Dietary Supplement and Breast Milk Derived Products
NEC incidence is lower in Japan compared to countries such as Canada. During pregnancy and lactation, Japanese women eat high amounts of fish rich in omega-3 polyunsaturated fatty acids (PUFAs), which reduce inflammation in various diseases. Our previous studies demonstrated that omega-3 fatty acids enriched maternal diet reduced neonatal intestinal inflammation and prevented the development of NEC in our mouse model. This is currently being further explored as a potential maternal recommended dietary change to reduce the risk of NEC development in the baby.

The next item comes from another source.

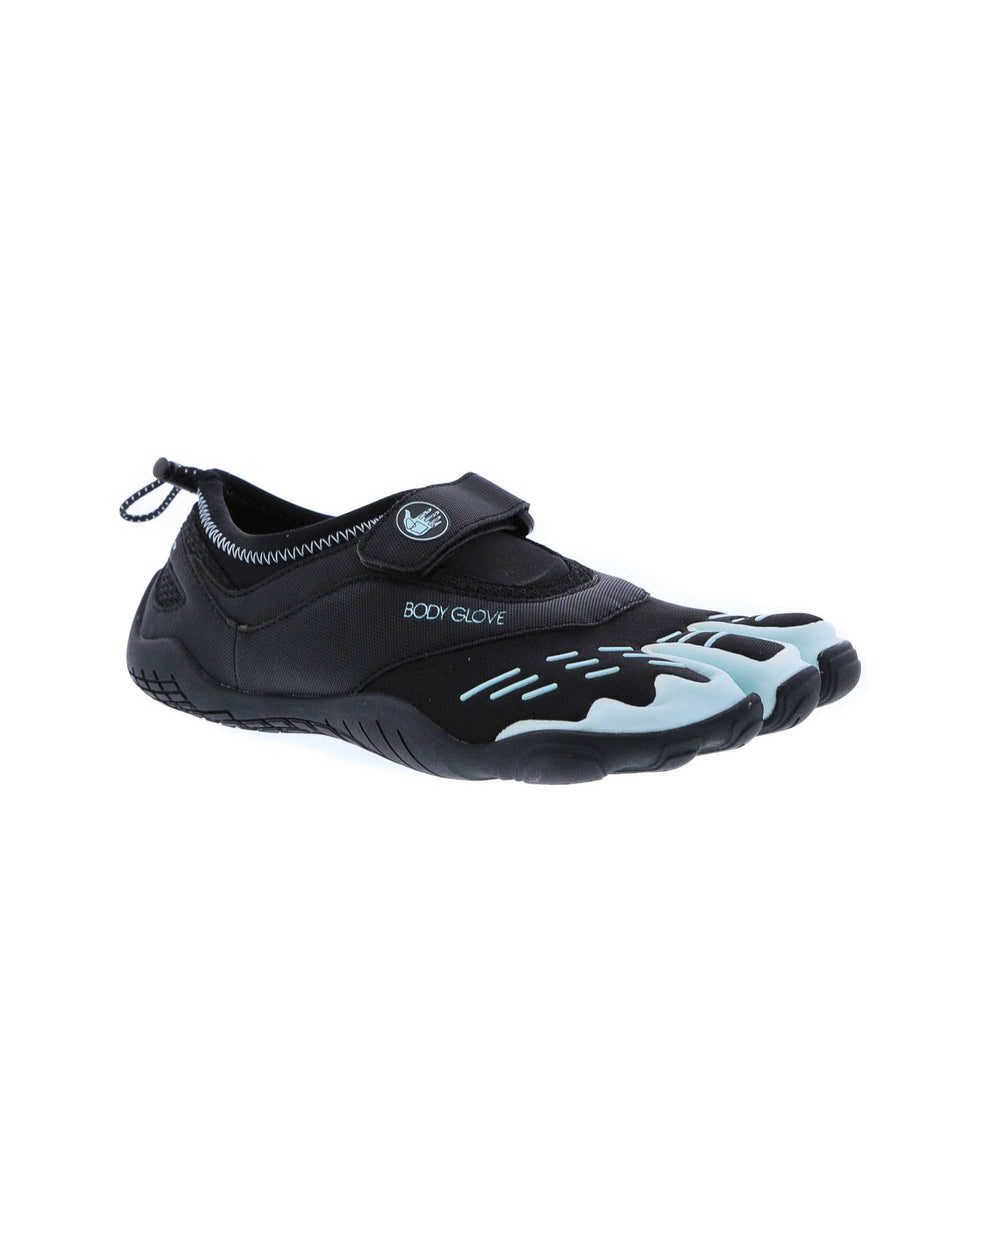 Body Glove 3T - Zapatos de agua para hombre

We have also identified that human milk oligosaccharides isolated from breast milk increased mucin expression in experimental NEC and reduced the severity of both NEC injury and inflammation (done in collaboration with Dr. Phil Sherman’s lab). We showed that milk derived exosomes promote goblet cell function and prevent the development of experimental NEC and demonstrated the efficacy of milk-derived exosomes in treating malnutrition-induced gut dysfunction (done in collaboration with Dr. Deborah O’Connor’s lab).

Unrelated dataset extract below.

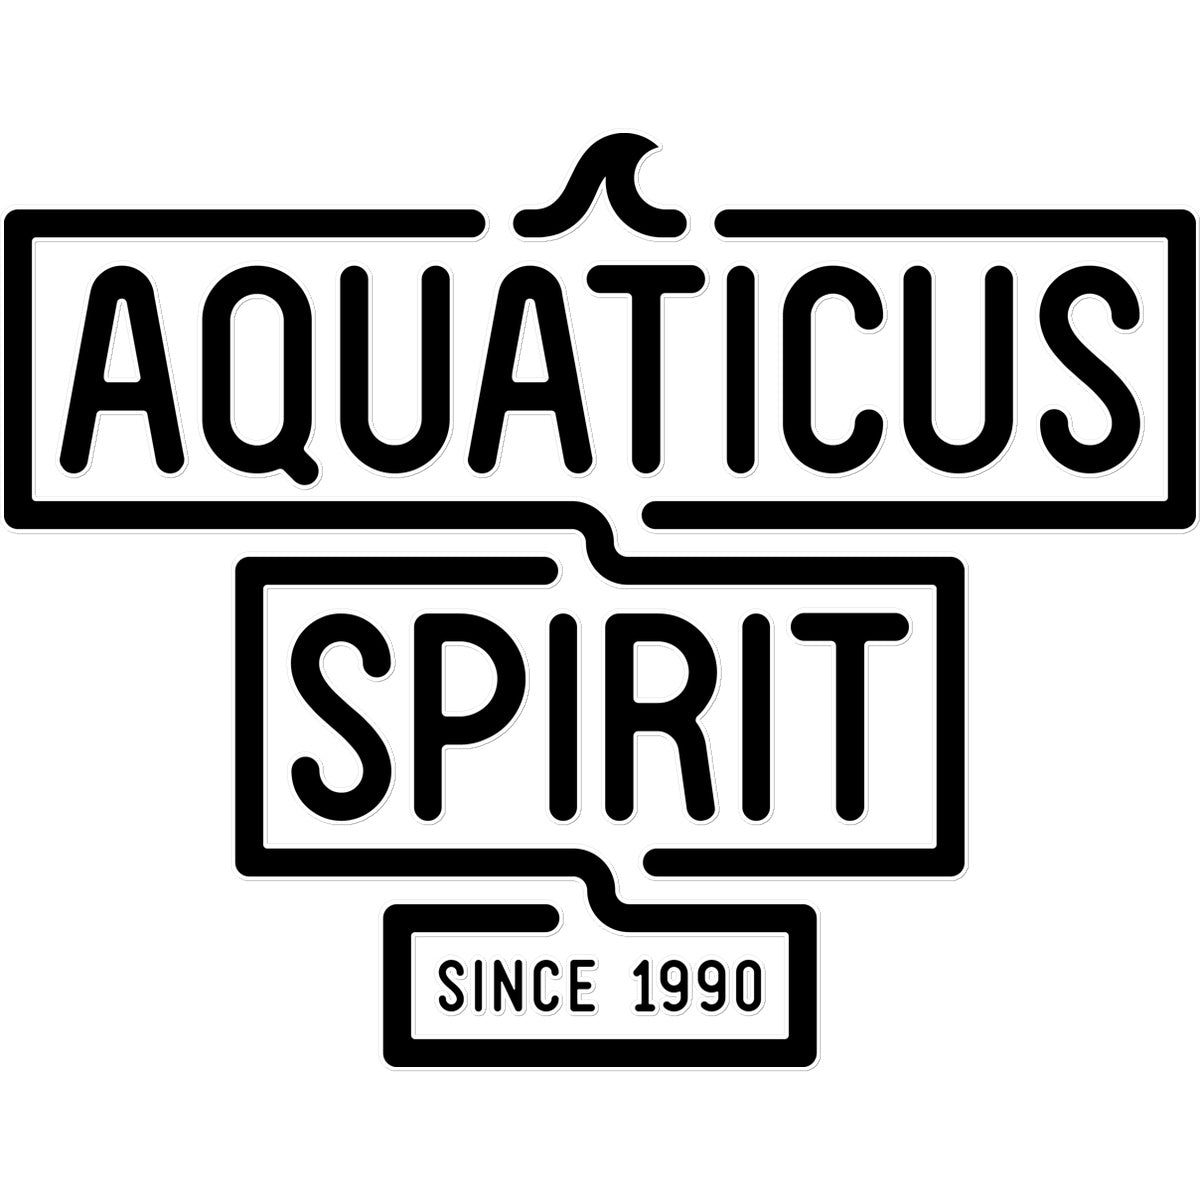 AQUA - 02 - Aquaticus Spirit - Temporäre Tätowierung

Human Neonatal Intestine Tissue Bank
We have established a bank of human intestinal tissue removed with approval during surgeries which have been used by our laboratory and collaborating laboratories to develop human intestinal organoids, to study the pathogenesis of the disease as well as to test novel treatment strategies in our research endeavors.
Bioreactor
Bioreactor.
Brain Gut Axis
Brain.
Lipid Nanoparticles
Toll-like receptor 4 (TLR4) signaling is upregulated during NEC, causing an excessive inflammatory response and intestinal injury. Human milk-derived extracellular vesicles have been shown to prevent the development of experimental NEC. miRNA-148a, the most abundant miRNA found in milk extracellular vesicles, was shown to inhibit TLR4 signaling in other inflammatory conditions. To overcome the challenges of nucleic acid delivery, lipid nanoparticles (LNPs), made up of ionizable lipids, can be employed.